Publication ,  Journal Article
Murdoch, CC; Espenschied, ST; Matty, MA; Mueller, O; Tobin, DM; Rawls, JF
Published in: PLoS Pathog
March 2019

The intestinal microbiota influences the development and function of myeloid lineages such as neutrophils, but the underlying molecular mechanisms are unresolved. Using gnotobiotic zebrafish, we identified the immune effector Serum amyloid A (Saa) as one of the most highly induced transcripts in digestive tissues following microbiota colonization. Saa is a conserved secreted protein produced in the intestine and liver with described effects on neutrophils in vitro, however its in vivo functions remain poorly defined. We engineered saa mutant zebrafish to test requirements for Saa on innate immunity in vivo.
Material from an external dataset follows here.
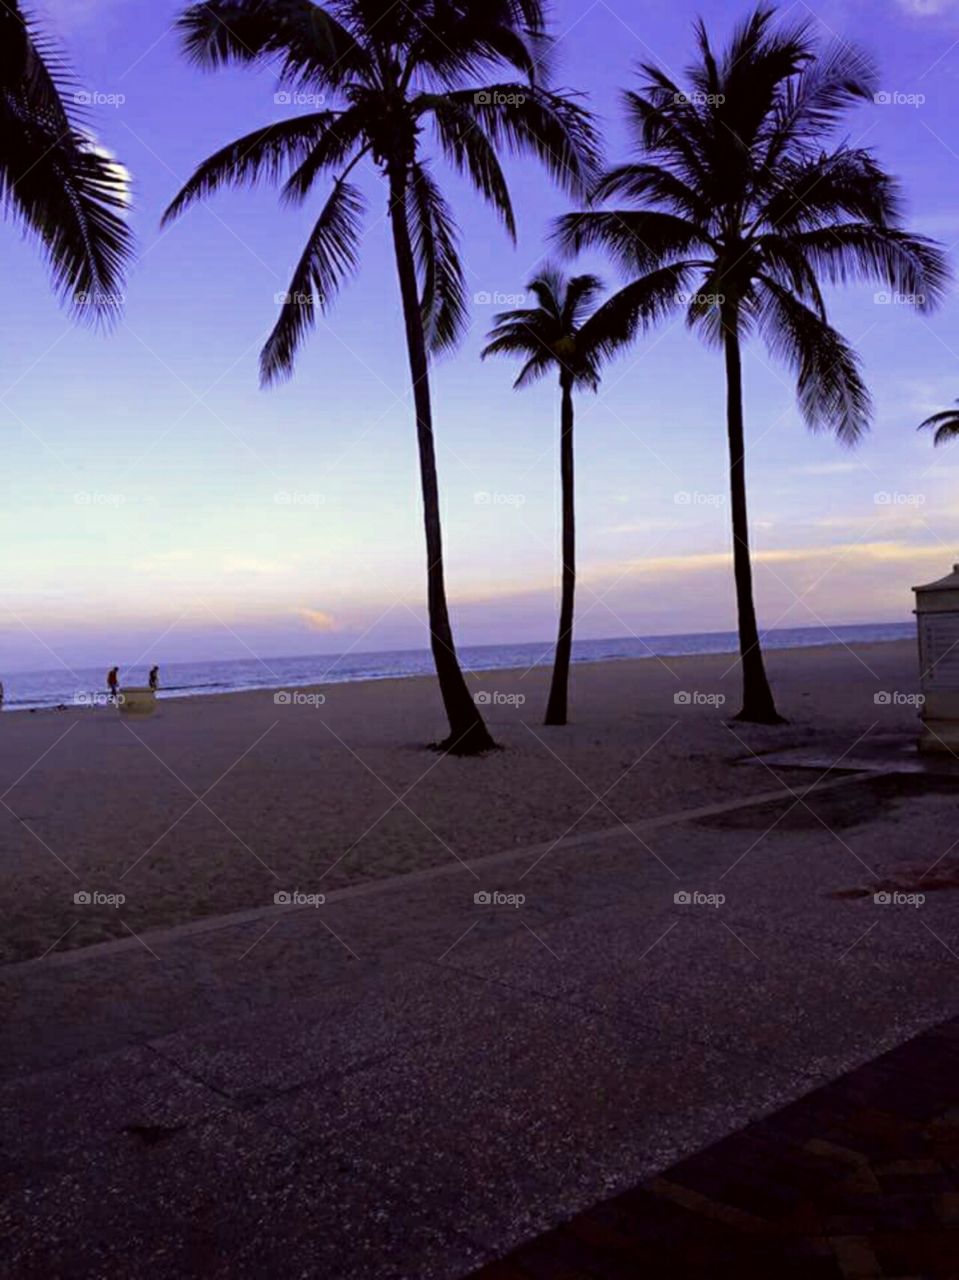 Beach palm trees

Zebrafish mutant for saa displayed impaired neutrophil responses to wounding but augmented clearance of pathogenic bacteria. At baseline, saa mutants exhibited moderate neutrophilia and altered neutrophil tissue distribution. Molecular and functional analyses of isolated neutrophils revealed that Saa suppresses expression of pro-inflammatory markers and bactericidal activity. Saa's effects on neutrophils depended on microbiota colonization, suggesting this protein mediates the microbiota's effects on host innate immunity. To test tissue-specific roles of Saa on neutrophil function, we over-expressed saa in the intestine or liver and found that sufficient to partially complement neutrophil phenotypes observed in saa mutants. These results indicate Saa produced by the intestine in response to microbiota serves as a systemic signal to neutrophils to restrict aberrant activation, decreasing inflammatory tone and bacterial killing potential while simultaneously enhancing their ability to migrate to wounds.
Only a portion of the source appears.